◆ Your task: Copy exactly the lines of the records below, starting at the line that contains "best creative ideas" and continuing through the last line, both included; omit any pictures.

[Records from a dataset]
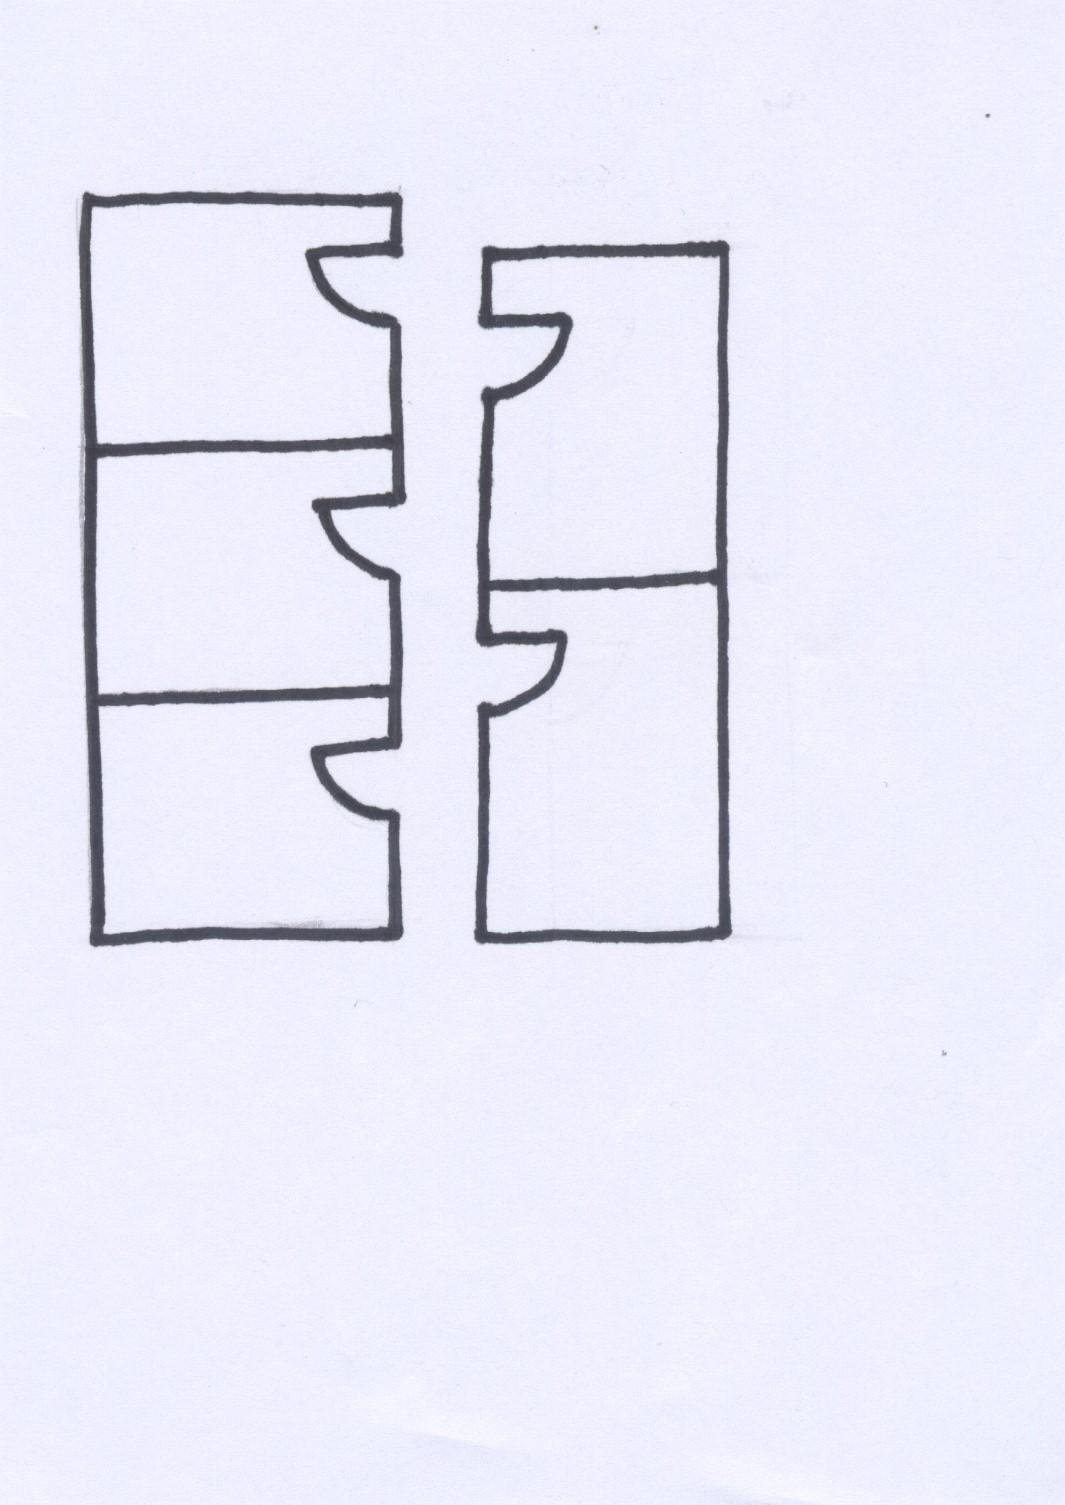 W18-3
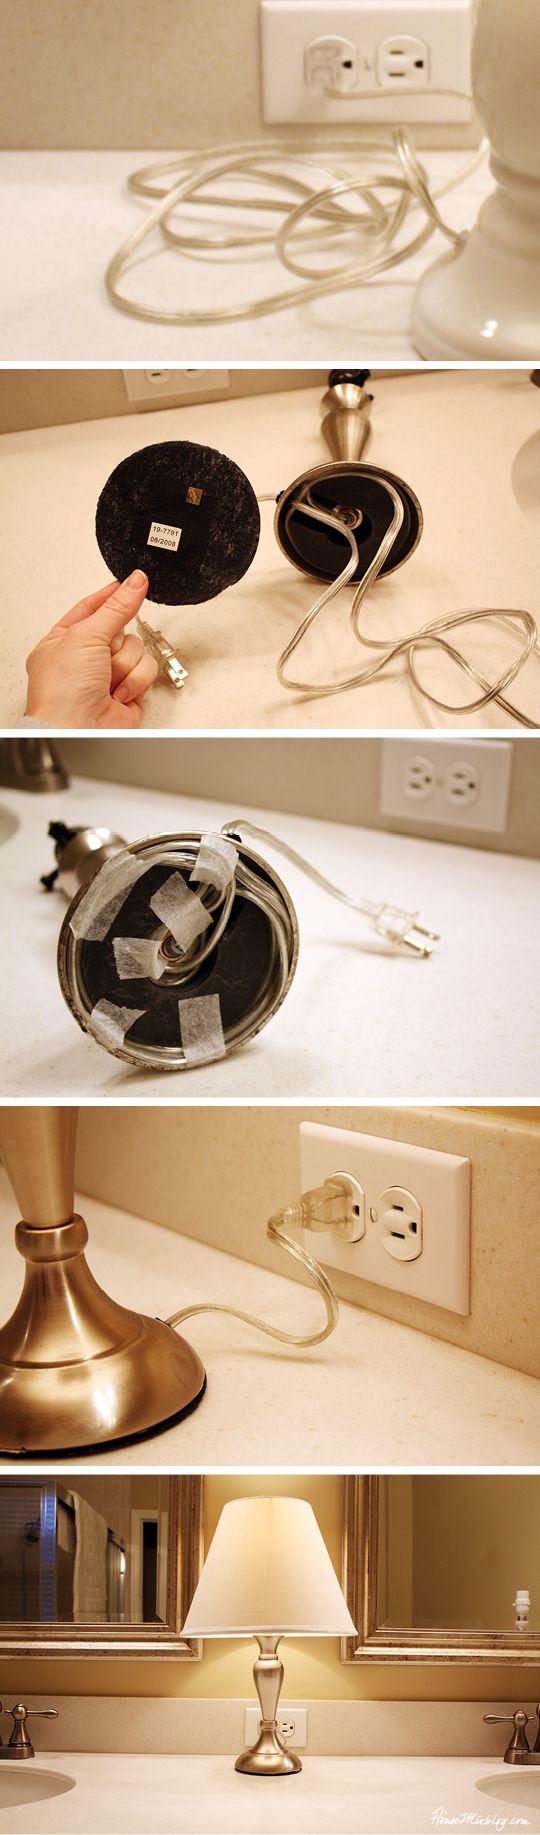 best creative ideas diy images on pinterest bedroom ideas
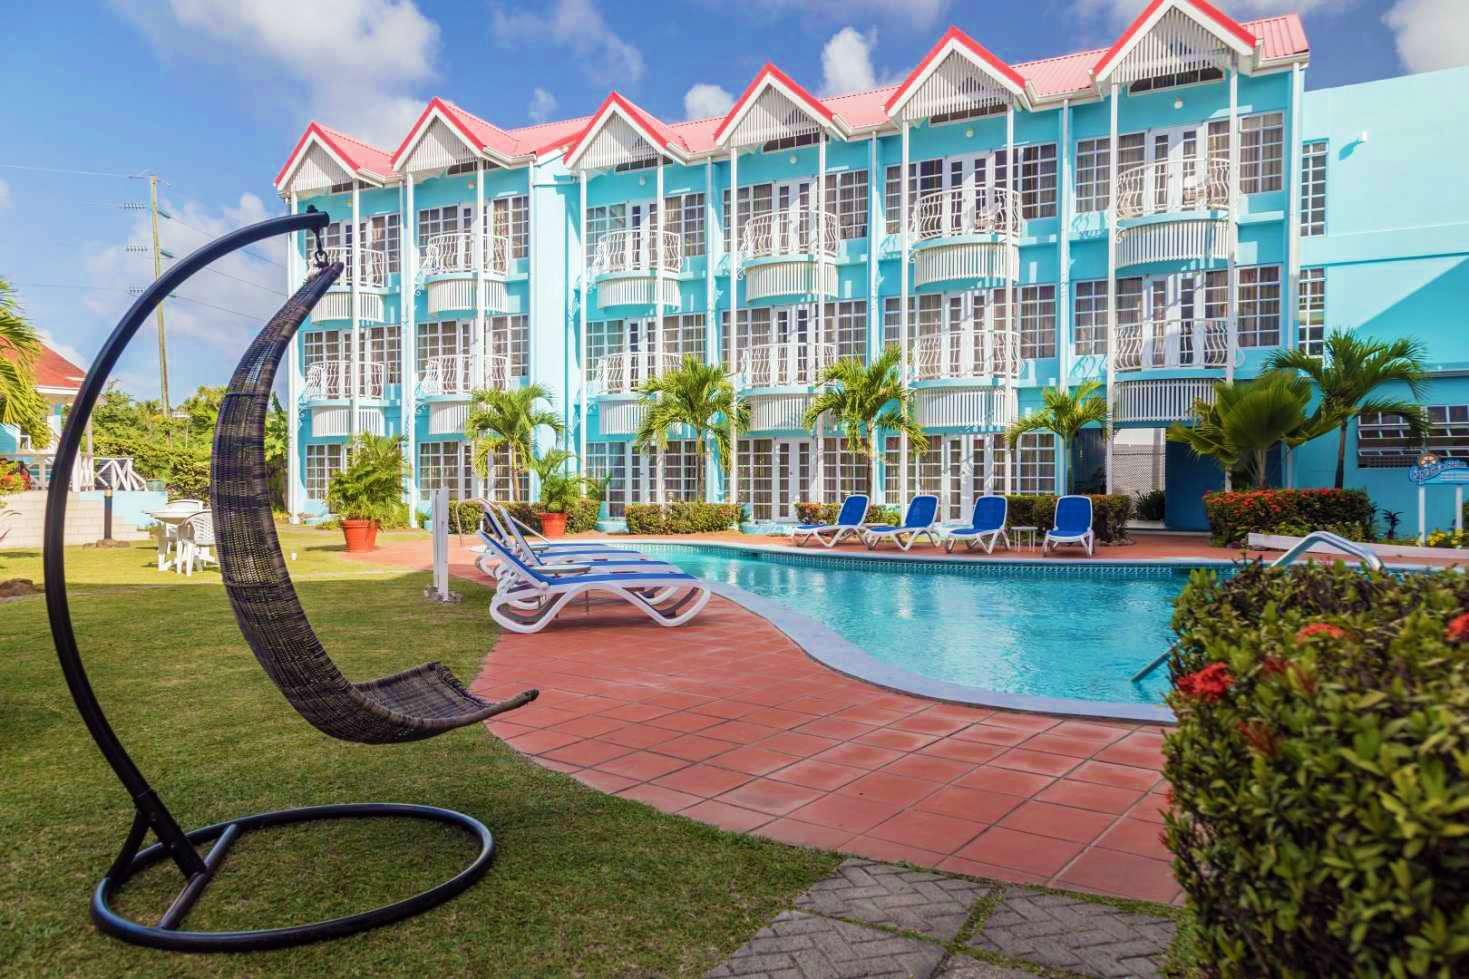 Bay Gardens Marina Haven, Gros Islet, St Lucia
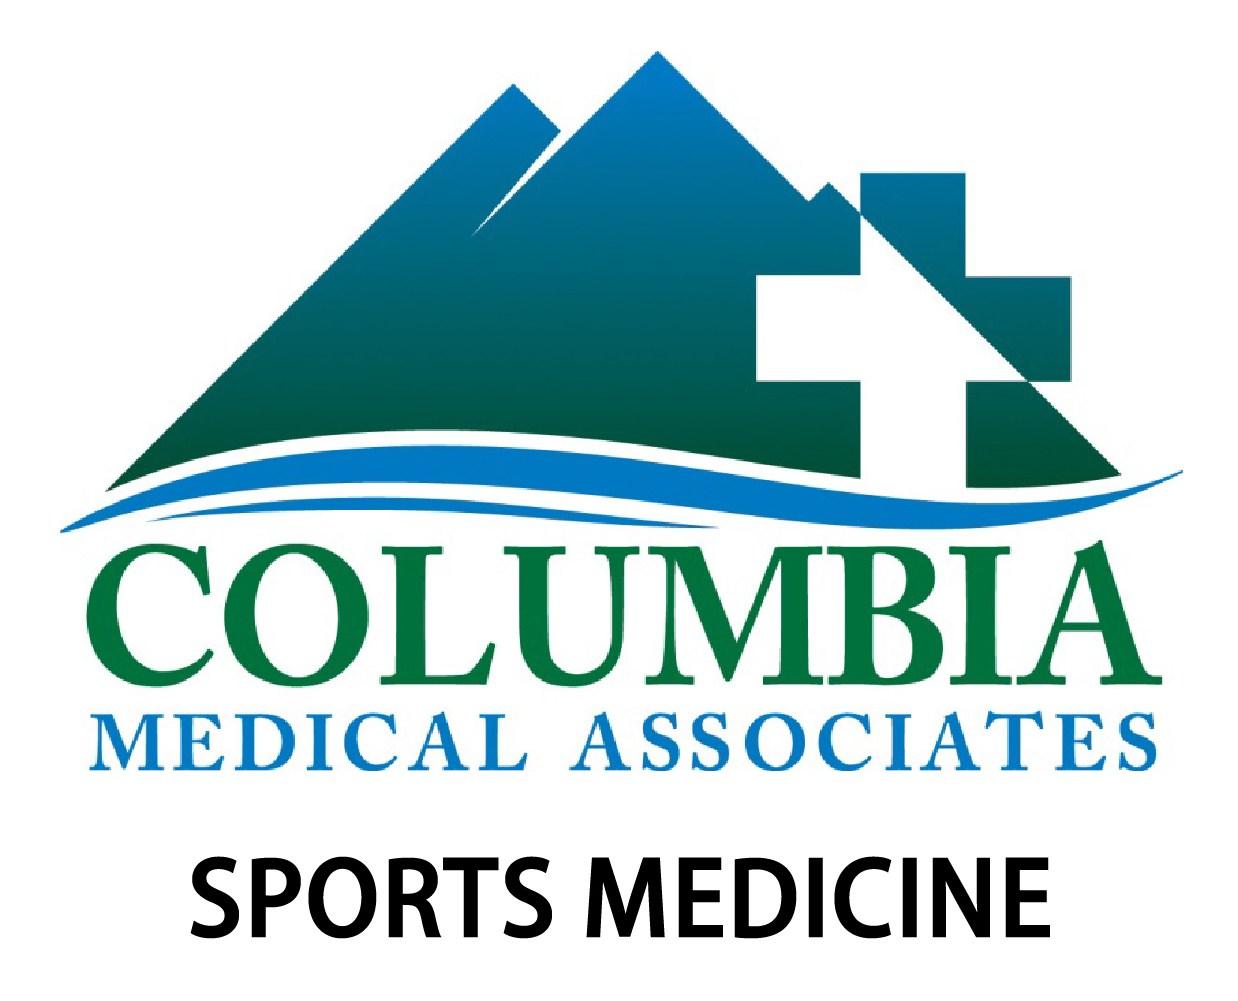 Columbia Medical Associates
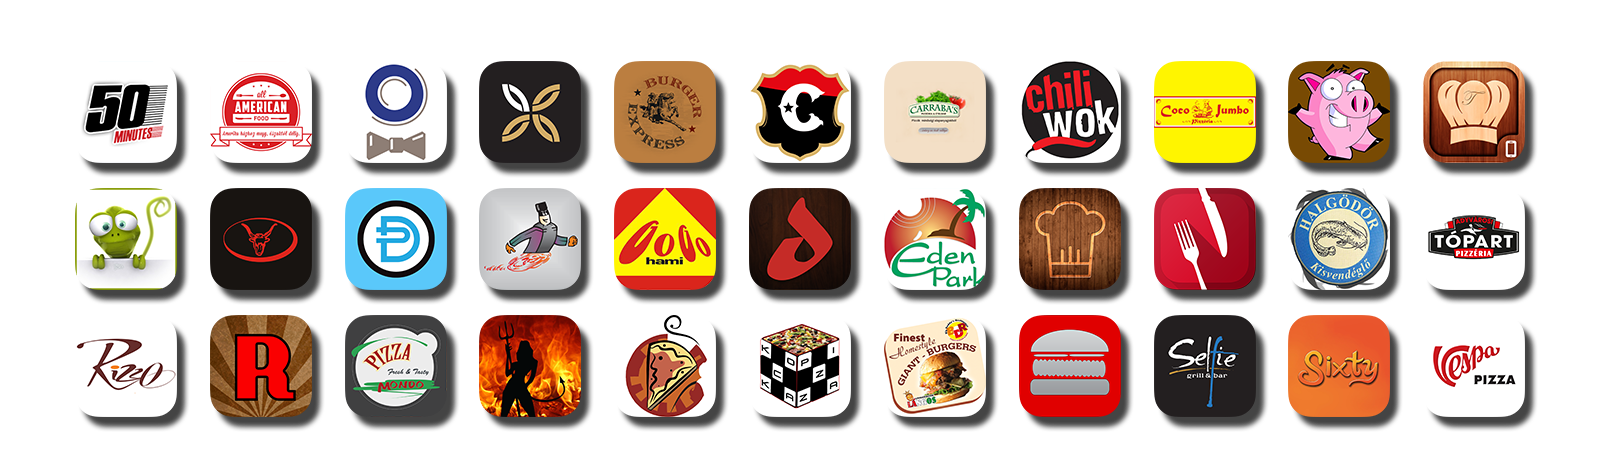 éttermi mobil app ikonok

◆ Answer to the problem:
 best creative ideas diy images on pinterest bedroom ideas
 Bay Gardens Marina Haven, Gros Islet, St Lucia
 Columbia Medical Associates
 éttermi mobil app ikonok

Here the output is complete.